Caused by: org.craftercms.studio.api.v2.exception.DbClusterStartupException: Failed to start DB replica: Error 'Duplicate entry '4' for key 'PRIMARY'' on query. Default database: 'crafter'. Query: 'INSERT INTO audit (organization_id, site_id, operation, operation_timestamp, origin, primary_target_id,
primary_target_type, primary_target_subtype, primary_target_value, actor_id, actor_details, cluster_node_id)
VALUES (1, 1, 'LOGIN', IFNULL(NULL, CURRENT_TIMESTAMP), 'API',
'admin', 'User', NULL, 'admin', 'admin',
NULL, '172.31.70.118')'
at org.craftercms.studio.impl.v2.dal.cluster.DbPrimaryReplicaClusterSynchronizationServiceImpl.checkForErrors(DbPrimaryReplicaClusterSynchronizationServiceImpl.java:598) ~[classes/:4.0.2-SNAPSHOT]
at org.craftercms.studio.impl.v2.dal.cluster.DbPrimaryReplicaClusterSynchronizationServiceImpl.waitForLocalReplicaToSync(DbPrimaryReplicaClusterSynchronizationServiceImpl.java:571) ~[classes/:4.0.2-SNAPSHOT]
at org.craftercms.studio.impl.v2.dal.cluster.DbPrimaryReplicaClusterSynchronizationServiceImpl.synchronizeStartup(DbPrimaryReplicaClusterSynchronizationServiceImpl.java:270) ~[classes/:4.0.2-SNAPSHOT]
at org.craftercms.studio.impl.v2.dal.cluster.DbPrimaryReplicaClusterAwareMariaDB4jSpringService.start(DbPrimaryReplicaClusterAwareMariaDB4jSpringService.java:51) ~[classes/:4.0.2-SNAPSHOT]
at ch.vorburger.mariadb4j.MariaDB4jService.postConstruct(MariaDB4jService.java:64) ~[mariaDB4j-core-2.5.3.jar:?]
at jdk.internal.reflect.NativeMethodAccessorImpl.invoke0(Native Method) ~[?:?]
...
An email will also be sent to the configured list of recipients to inform them of the failure.
See the Setup a Two Node Cluster with Studio article then scroll to the failure notification properties section for more information on how to configure the list of recipients to be informed in case of a startup failure in the authoring cluster.
This section discusses how to fix the sync failure in your authoring cluster.
Fixing the Sync Failure
The first thing to do when a sync failure happens is to figure out whether the sync failure is in the DB or Git.
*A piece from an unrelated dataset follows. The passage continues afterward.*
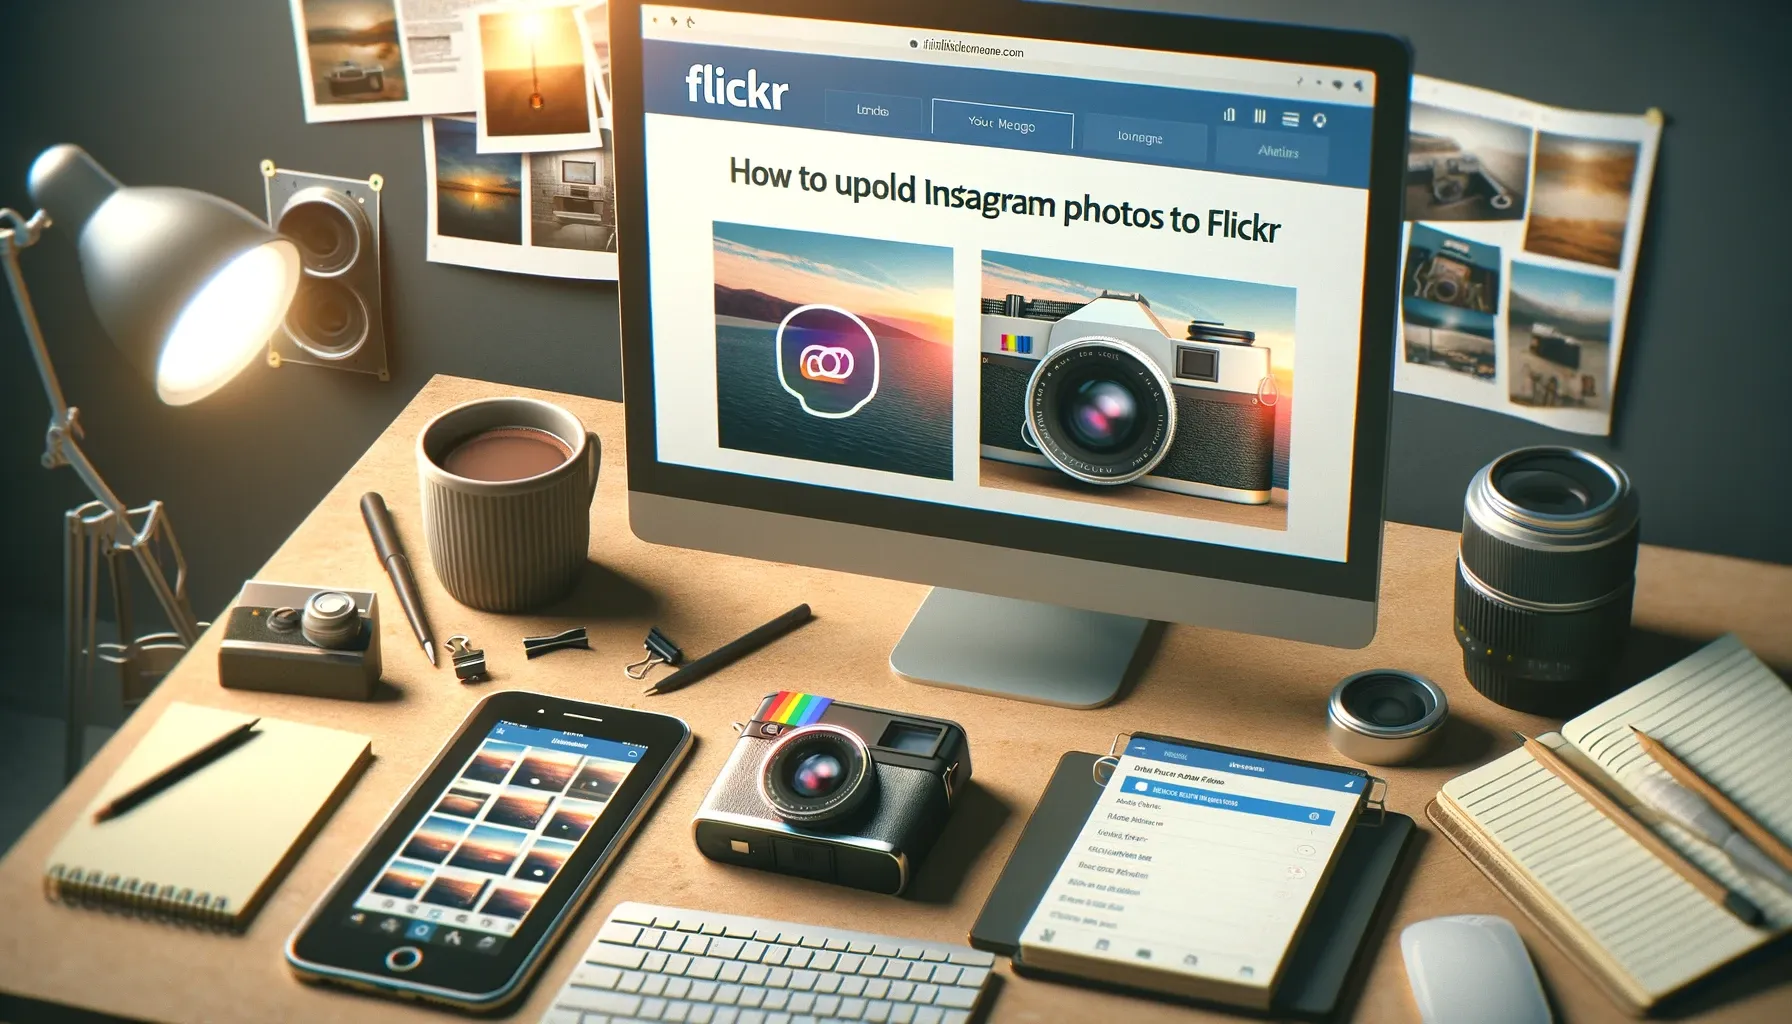 How to upload Instagram photos to Flickr?

The email sent to configured recipients when the sync failure happened will indicate whether it’s a DB or a Git sync failure. From the logs, you can also determine if it was a DB or a Git sync failure.
DB sync failure
For a DB sync failure, the logs will contain a message like below:
...
Failed to start DB replica:
...
as seen above and the following email will be sent if configured:
After reviewing the node states (logs and the database), the fix can be any valid intervention on the database. Before performing any valid intervention on the database, it will need to be started first, then the user needs to login.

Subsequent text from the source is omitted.